We performed a post hoc sensitivity analysis to assess whether using ranges that may overlap with a classification of MCI would influence our overall findings; AD severity ranges were drawn from a study that reported the following MMSE cutoffs: 21–25 for mild, 11–20 for moderate, and 0–10 for severe AD [13]. We found that the proportion of assessments that were S > O in the mild AD cohort exhibited a minor increase from 4.7% to 6.7%; overall concordance and discordance findings remained at similar levels (eTable 4 in the supplementary material). To carry out more comprehensive evaluation in future studies comparing objective assessment of AD to clinician’s subjective assessment, the brief interview to detect dementia (e.g., AD8) [24] and Reisberg Functional Assessment Staging (FAST) [25] could be incorporated.

The current study provides insight into assessments of AD severity in one of the largest US managed care settings; however, several limitations must be considered. Since there are no ICD codes specific to AD severity stages, we utilized keywords to identify mild, moderate, and severe AD cohorts. This method allowed us to efficiently examine a large volume of clinical note data, but likely missed clinical context that may have clarified some of the discordant findings. For example, the temporal relationship between a clinical assessment and objective assessment that appeared within the same note was not evaluated. Such context would require a validating chart review. In addition, retrospective analyses are inherently more susceptible to confounding variables than prospective studies [26]. We examined factors that could have impacted concordance, such as concurrent symptoms and comorbidities.
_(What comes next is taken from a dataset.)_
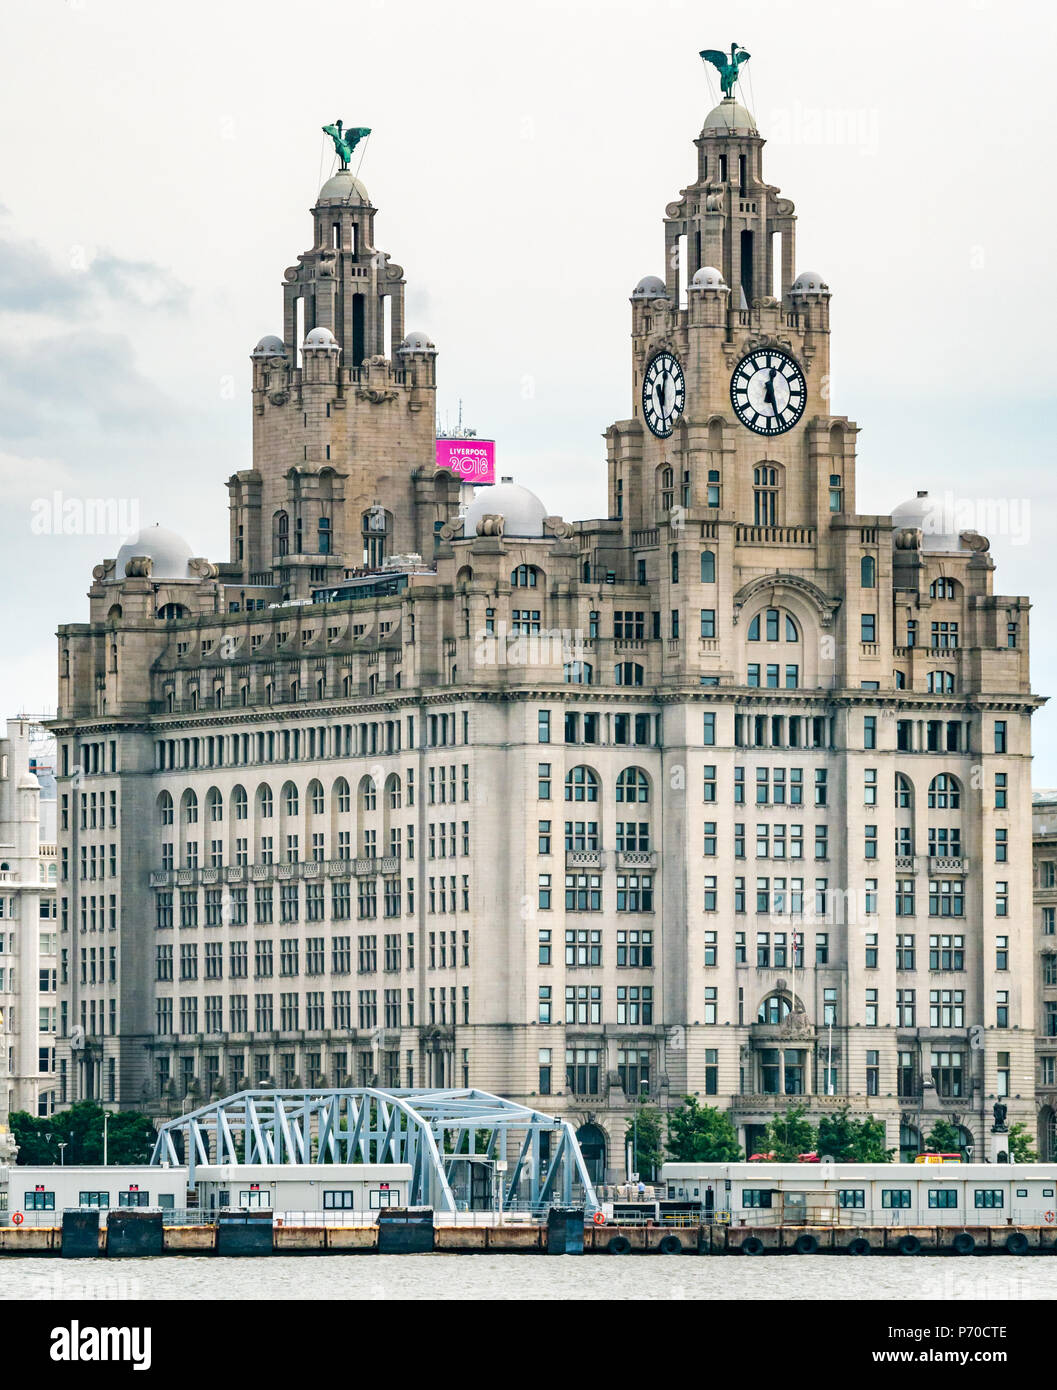 Blick auf die Uhrtürme des Royal Lebergebäudes mit kormoranten Lebervögel und den größten Uhren Großbritanniens, Pier Head, Liverpool, England, Großbritannien Stockfoto

Symptoms and comorbidities were identified using diagnostic codes, which can be subject to inaccuracy and/or undercoding [27]. We could not explore possible root causes of discordance between subjective and objective assessments of patients with AD since it was beyond the scope of this descriptive study. Clinician’s subjective assessment and test-derived objective assessment are two reiterative processes that are difficult to separate. Furthermore, MoCA screening might only be appropriate for assessment of earlier stages of AD in the elderly, which may have contributed to some of the observed discordance [8]. Finally, these findings from a population of veterans in the VA healthcare system may not be generalizable to the overall US population and healthcare system. While our findings do not specifically address changes that may be needed in clinical practice, they serve to raise awareness regarding discrepancies between subjective and objective assessments of cognitive impairment—these discrepancies can impact clinical decisions.

The burden of AD among veterans is expected to increase, not only as a result of population aging, but also due to the prevalence of other potential risk factors for dementia such as traumatic brain injury and PTSD in this population [28,29,30]. Additional areas of investigation in the veteran’s population include evaluating the impact of AD diagnosis on healthcare utilization and an exploration of whether certain comorbidities may influence the duration of time from MCI diagnosis to onset of AD.


We found higher concordance between clinical assessment and objective instruments in dementia specialty clinics compared with non-dementia clinics. Remarkably, approximately 40% of notes in the mild AD cohort were assessed as more severe by the objective test assessments. Since early-stage AD is the preferred target of anti-amyloid therapies, these data indicate a critical need for improved understanding of AD clinical assessments and clinical decision-making.